--- START ---
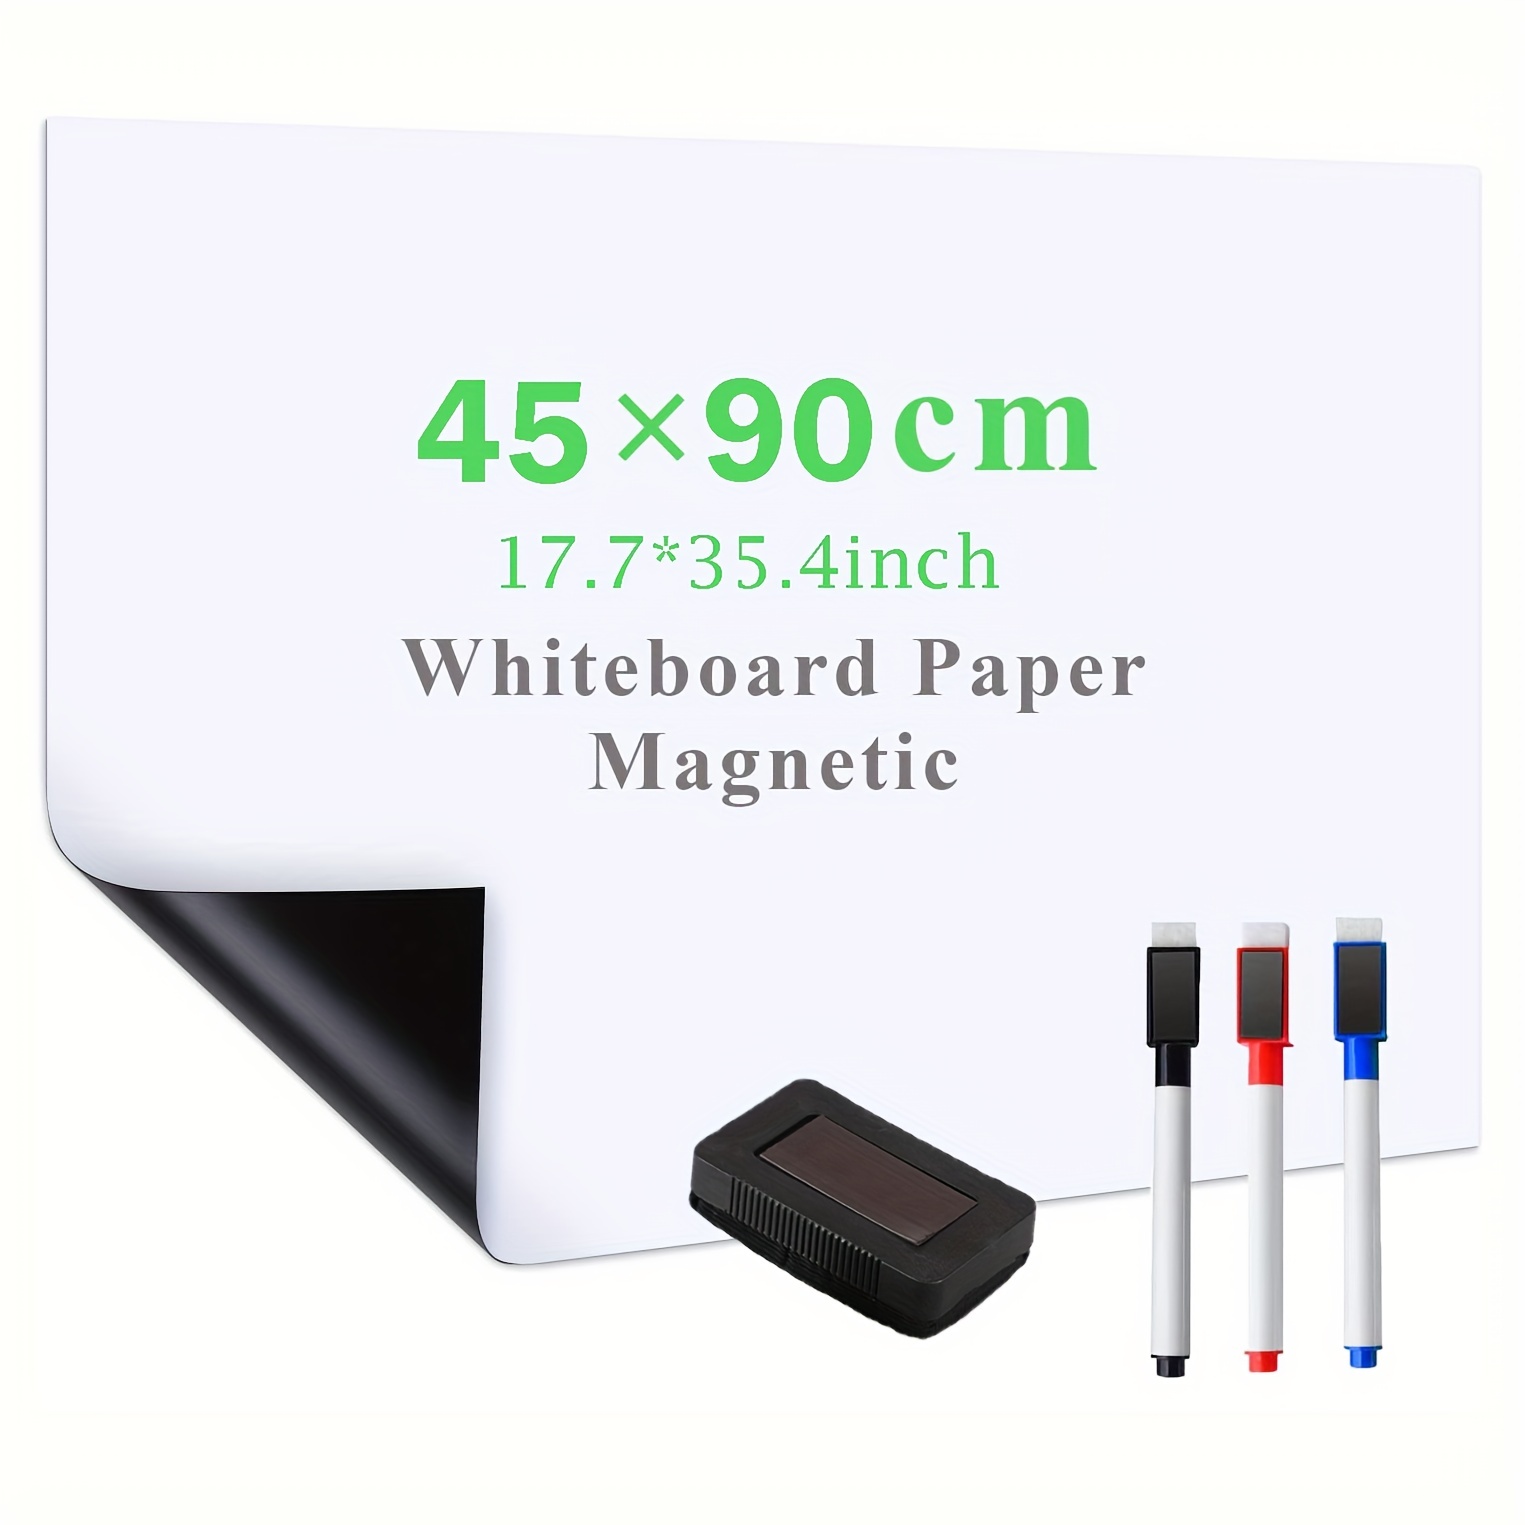 Film magnétique pour tableau blanc 60 x 100 cm, autocollant, blanc
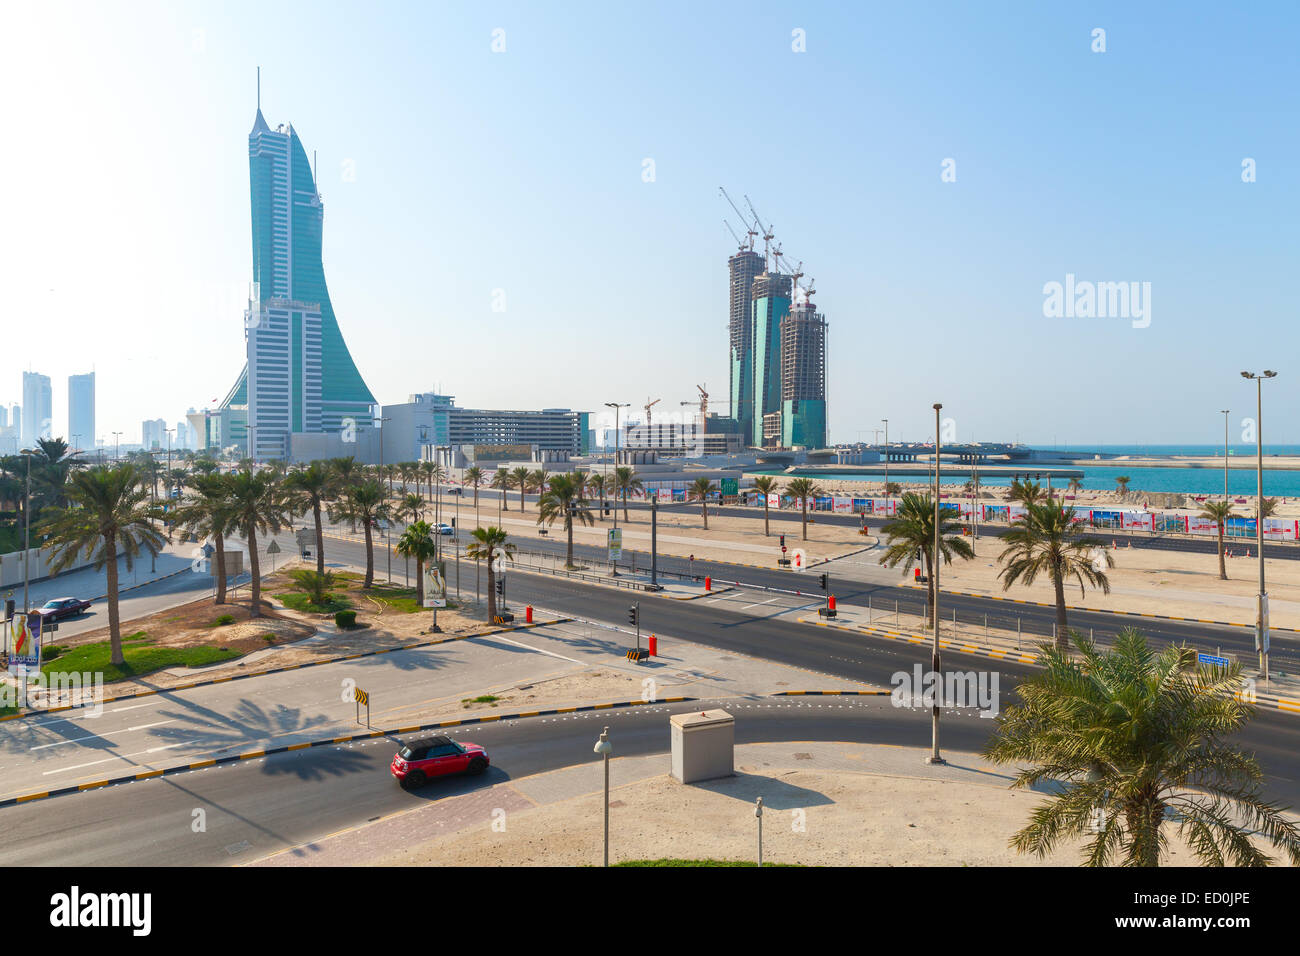 Manama, Bahrain - 21 Novembre 2014: grattacieli torri sono in costruzione nella città di Manama, la capitale del Bahrain. Medio Oriente Foto Stock
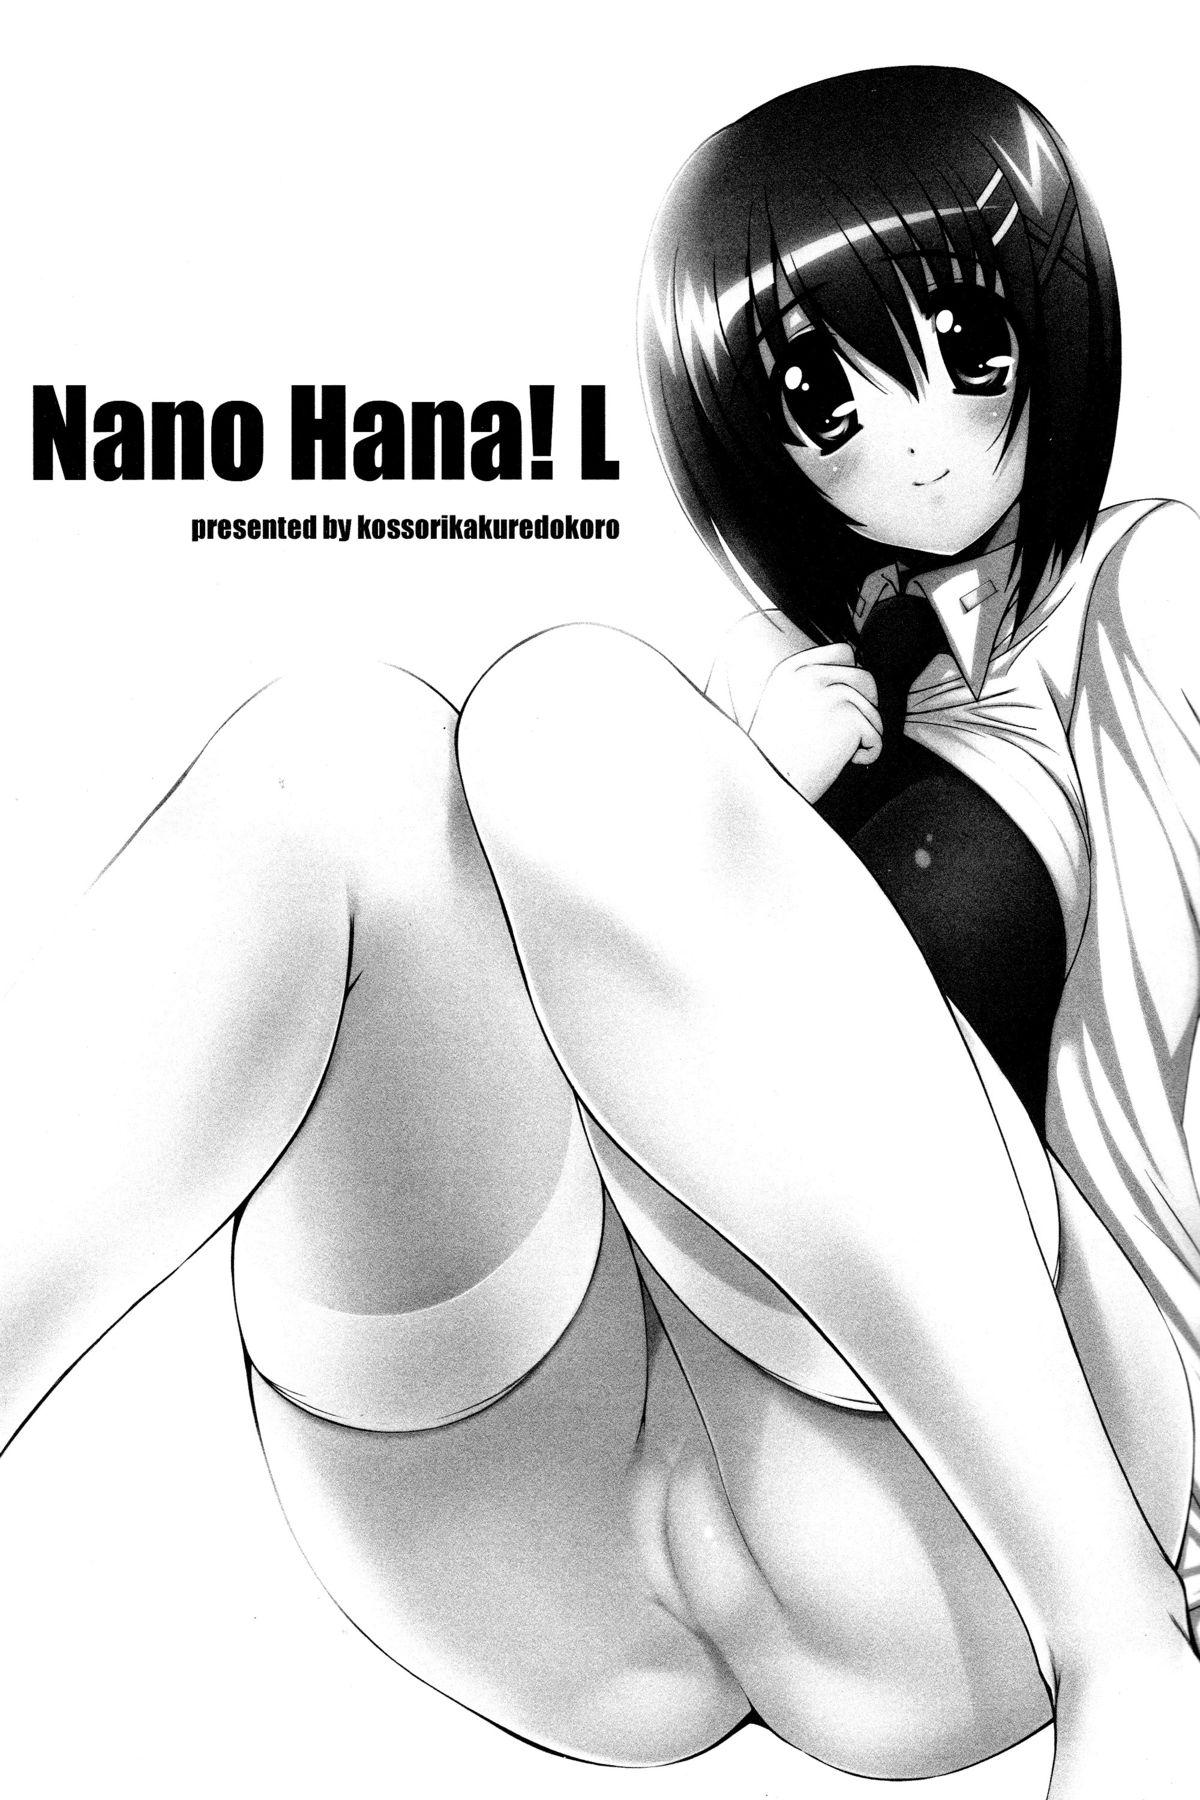 Nano Hana! L 1
--- END ---
## WORK INSTRUCTIONS
Return the material exactly as it reads, though without the pictures it holds.

## RESPONSE
 Film magnétique pour tableau blanc 60 x 100 cm, autocollant, blanc
 Manama, Bahrain - 21 Novembre 2014: grattacieli torri sono in costruzione nella città di Manama, la capitale del Bahrain. Medio Oriente Foto Stock
 Nano Hana! L 1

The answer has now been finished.